1.1. Overview¶
1.1.1. AML¶
AML is a cutting edge ML technology based on algebraic representations of data. Unlike statistical learning, AML algorithms are robust regarding the statistical properties of the data and are parameter-free. This makes AML a great candidate in the future of ML, as it is far less sensitive to statistical characteristics of the training data, and can integrate unstructured and complex abstract information apart from the training data.
AML algorithm has several characteristics that makes it a great player in distributed learning. First, AML can be trained in parallel from different remote machines, and can merge the training information without losing information. It can also be shared and merged with other already trained models and share their learnt information without revealing the training data-set.
1.1.2. AML-IP¶
eProsima AML-IP is a framework based on different libraries and graphical and non-graphical tools that allow to create a network of nodes focused no different tasks of the AML environment. Every running part of the AML-IP is considered a Node. This is an independent and distributed software that could perform a specific action.
Independent means that it is auto-sufficient and does not require the presence of any other node.
Distributed means that can communicate with different nodes in the network, interacting and solving tasks collaboratively.
Action is every part of the AML or any satellite action required in order to perform the correct execution of the algorithm or to support or facilitate the communication and managing of the different nodes.
These nodes are separated in different scenarios, that are explained more in detail in the following section.
1.1.3. Usage¶
AML-IP is a complex framework composed of different tools that run independently and out-of-the-box. But it also features some libraries that allow to instantiate AML-IP entities or Nodes whose behavior and functionality must be specified by the user. These libraries are presented in 2 main programming languages:
1.1.3.1. C++¶
This is the main programming language in AML-IP. C++ has been chosen because it is a very versatile and complete language that allows to easily implement complex concepts maintaining high performance. Also Fast DDS is mainly built in C++ and using the same programming language allows to easily interact without losing performance with the middleware layer.

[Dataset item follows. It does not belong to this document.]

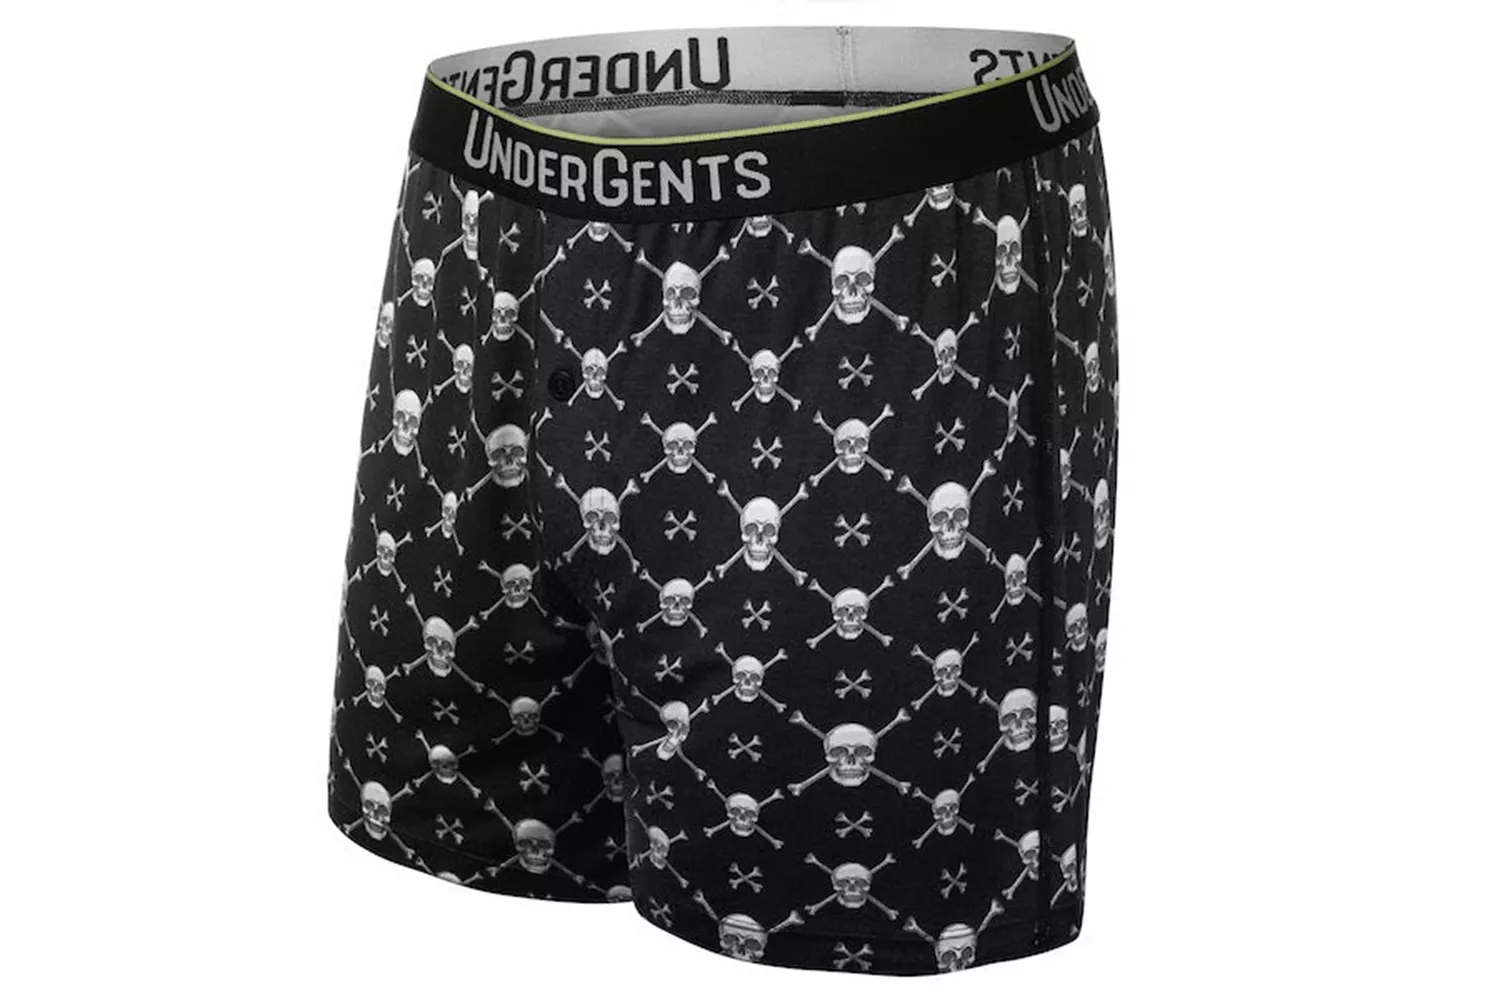 UnderGents Ultimate Men's Boxer Short: Ultra-Soft Pure Comfort and Freedom
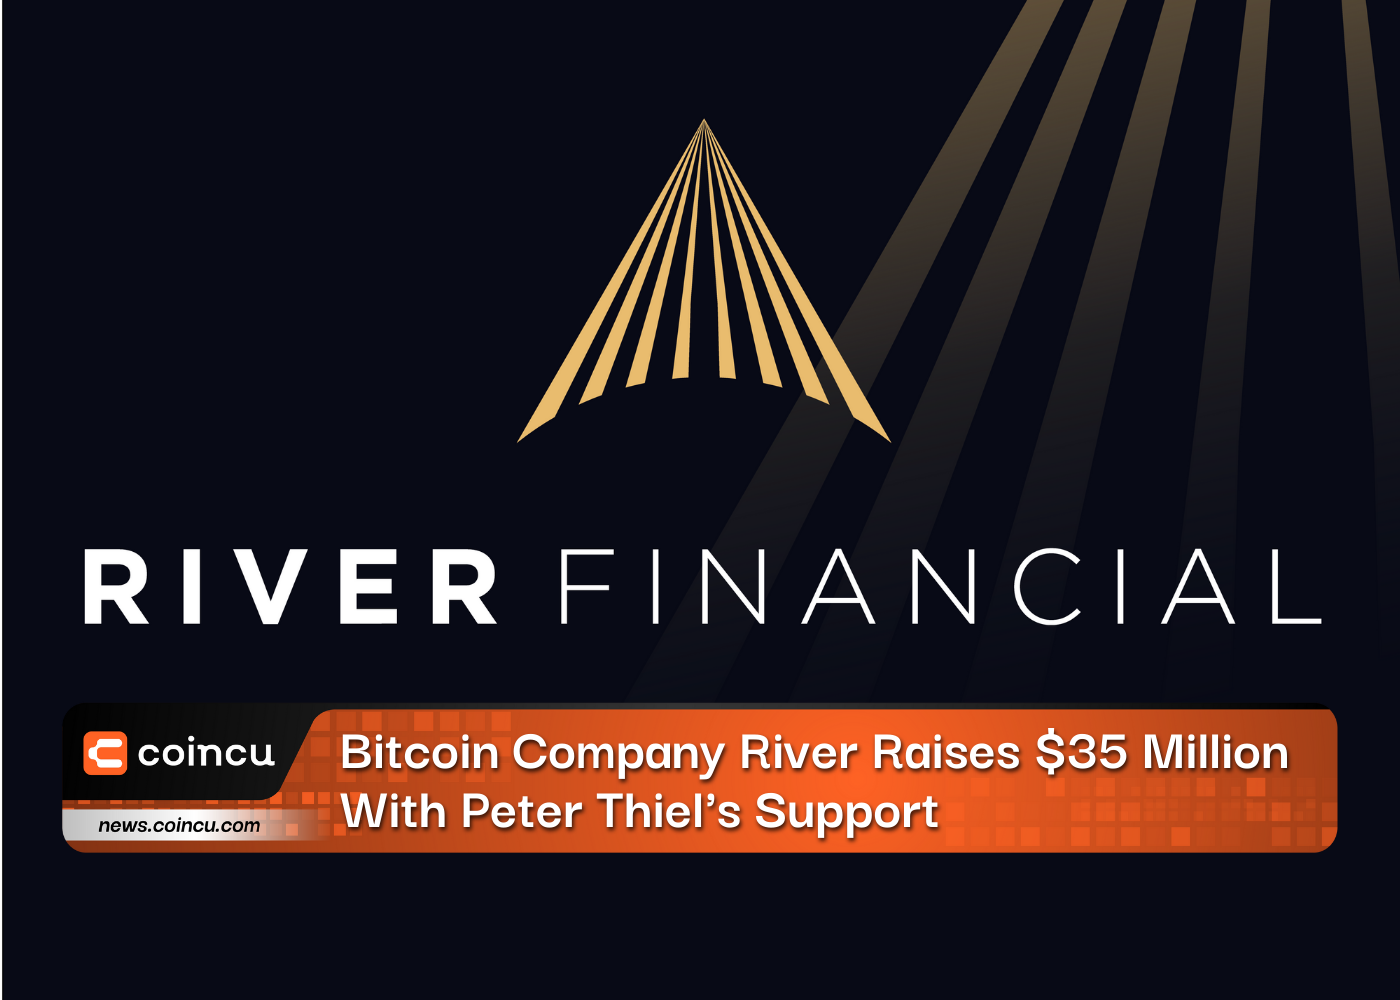 Bitcoin Company River Raises $35 Million With Peter Thiel's Support

There is a public API found in AML-IP/amlip_cpp/include with all the installed headers that can be used from the user side.
The API, implementation and testing of this part of the code can be found mainly under sub-package amlip_cpp.
1.1.3.2. Python¶
This is the programming language though to be used by a final user. Python has been chosen as it is easier to work with state-of-the-art ML projects.
Nodes and classes that the user needs to instantiate in order to implement their own code are parsed from C++ by using SWIG tool, giving the user a Python API. The API, implementation and testing of this part of the code can be found mainly under sub-package amlip_py.
1.1.4. Architecture and Infrastructure¶
AML-IP is a software project based on different programming languages. It is a public open-source project focused to be used by the ML and scientific community. The whole project is hosted on a github repository, and can be found in the following url: AML-IP Github repository. The code project is divided in sub-packages that can be built, installed and tested independently.
AML-IP is a software project that does not rely on any specific hardware or Operating System, and does not require any physical infrastructure. The storage and CI is hosted by github.
1.1.5. Enabling technologies¶
The technologies supporting AML-IP development emphasize communication between nodes, protocols used to support such communication, and the libraries and tools used to handle the different types of data to be transmitted.
1.1.5.1. DDS (Data Distribution Service)¶
DDS is a distributed dynamic real-time middleware protocol based on a specification defined by the OMG. It relies on the underlying RTPS wire protocol.
AML-IP framework relies on DDS communication protocol to connect and communicate each of its Nodes. DDS protocol support publications and subscriptions in different Topics in order to create a distributed network of entities where communication takes place peer-to-peer, avoiding centralized systems and creating an homogeneous and stand-alone network. DDS relies on QoS to configure different characteristics for each of the communication channels, allowing to create really dynamic and complex networks.
1.1.5.1.1. Fast DDS¶
AML-IP uses eProsima Fast DDS, a C++ open-source library that implements DDS specification. eProsima Fast DDS has all the features and characteristics needed to power AML-IP communications. A whole documentation for the Fast DDS project can be found in Fast DDS Documentation.